**Exercise requirements**:
With pictures excluded, copy word for word the lines in the data below from the line containing "Energielabel Meezenbroekerweg 13-K207" through the line containing "Malachite butterfly on foliage Stock Photo".

**Input data**:
=======

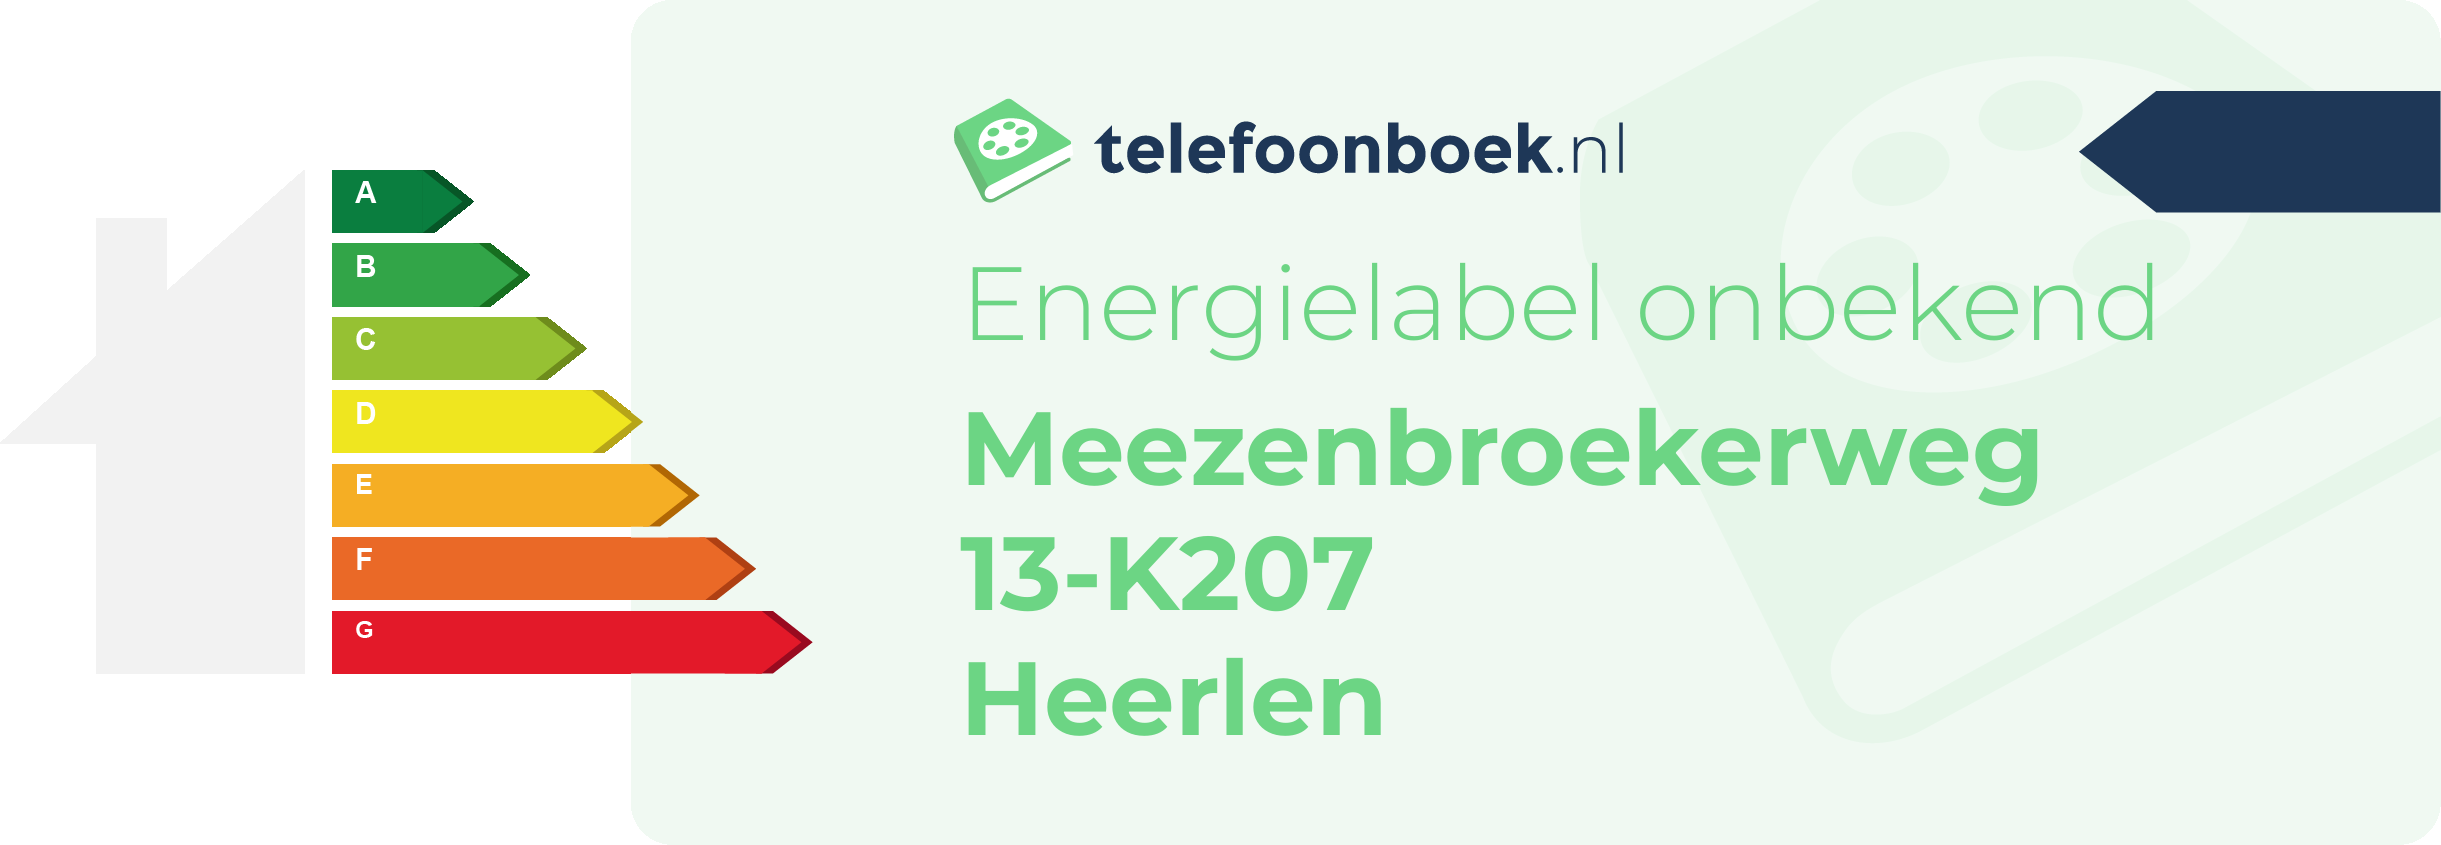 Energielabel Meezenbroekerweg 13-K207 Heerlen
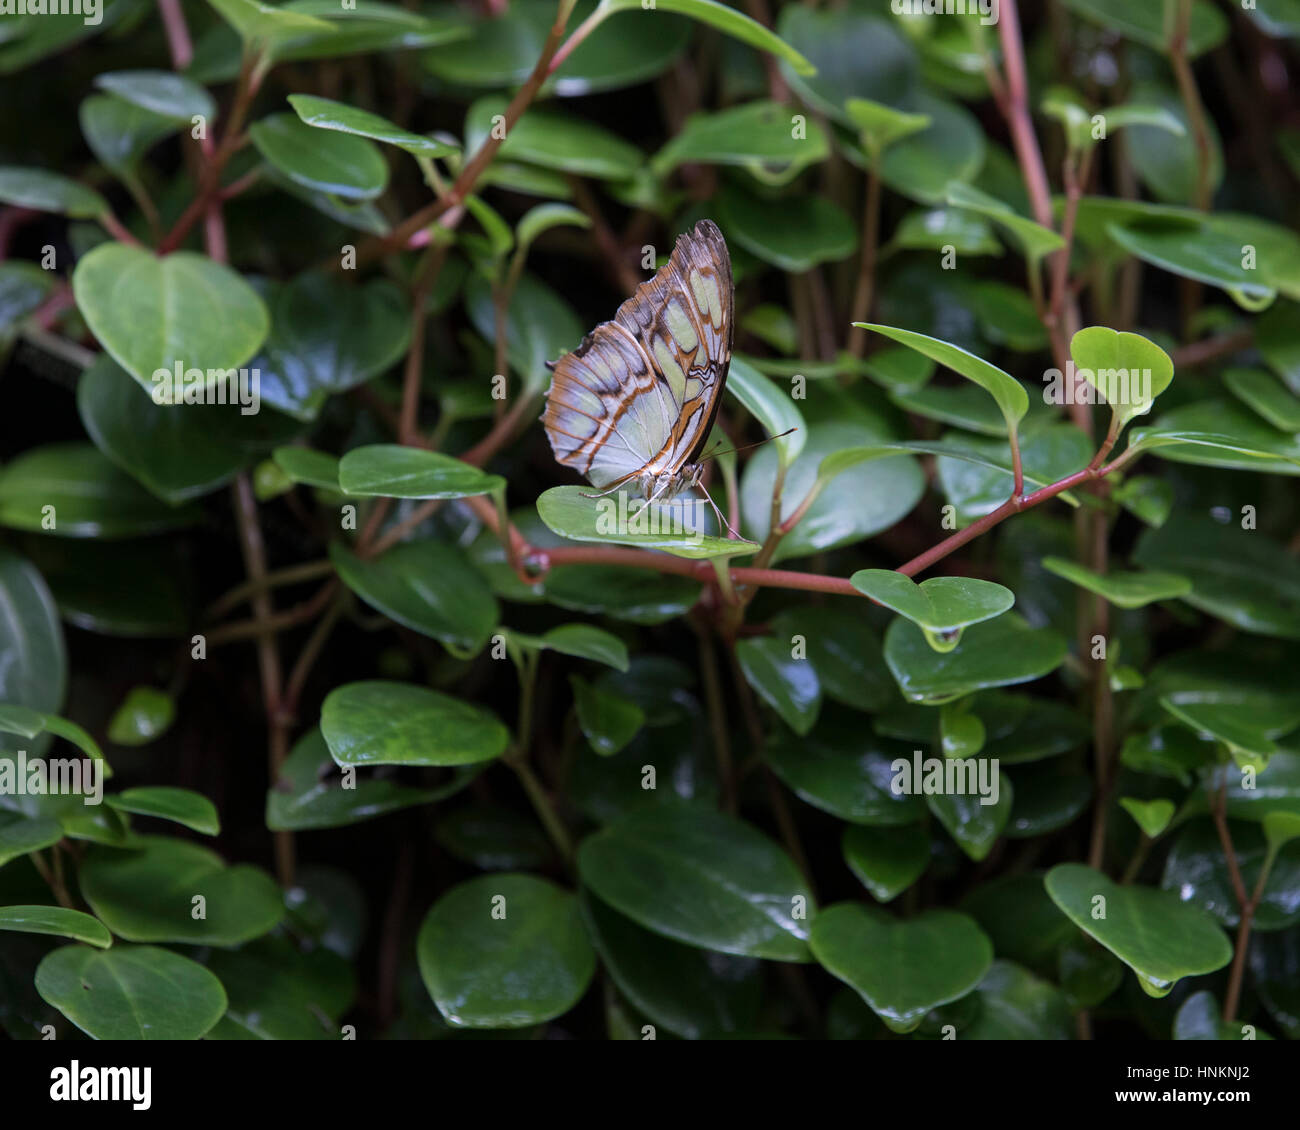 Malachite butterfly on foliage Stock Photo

=======

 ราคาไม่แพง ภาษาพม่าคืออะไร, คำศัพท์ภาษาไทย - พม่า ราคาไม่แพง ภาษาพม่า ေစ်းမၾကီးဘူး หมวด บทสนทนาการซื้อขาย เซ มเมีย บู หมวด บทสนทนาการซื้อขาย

=======

**Result of this task**:
 Energielabel Meezenbroekerweg 13-K207 Heerlen
 Malachite butterfly on foliage Stock Photo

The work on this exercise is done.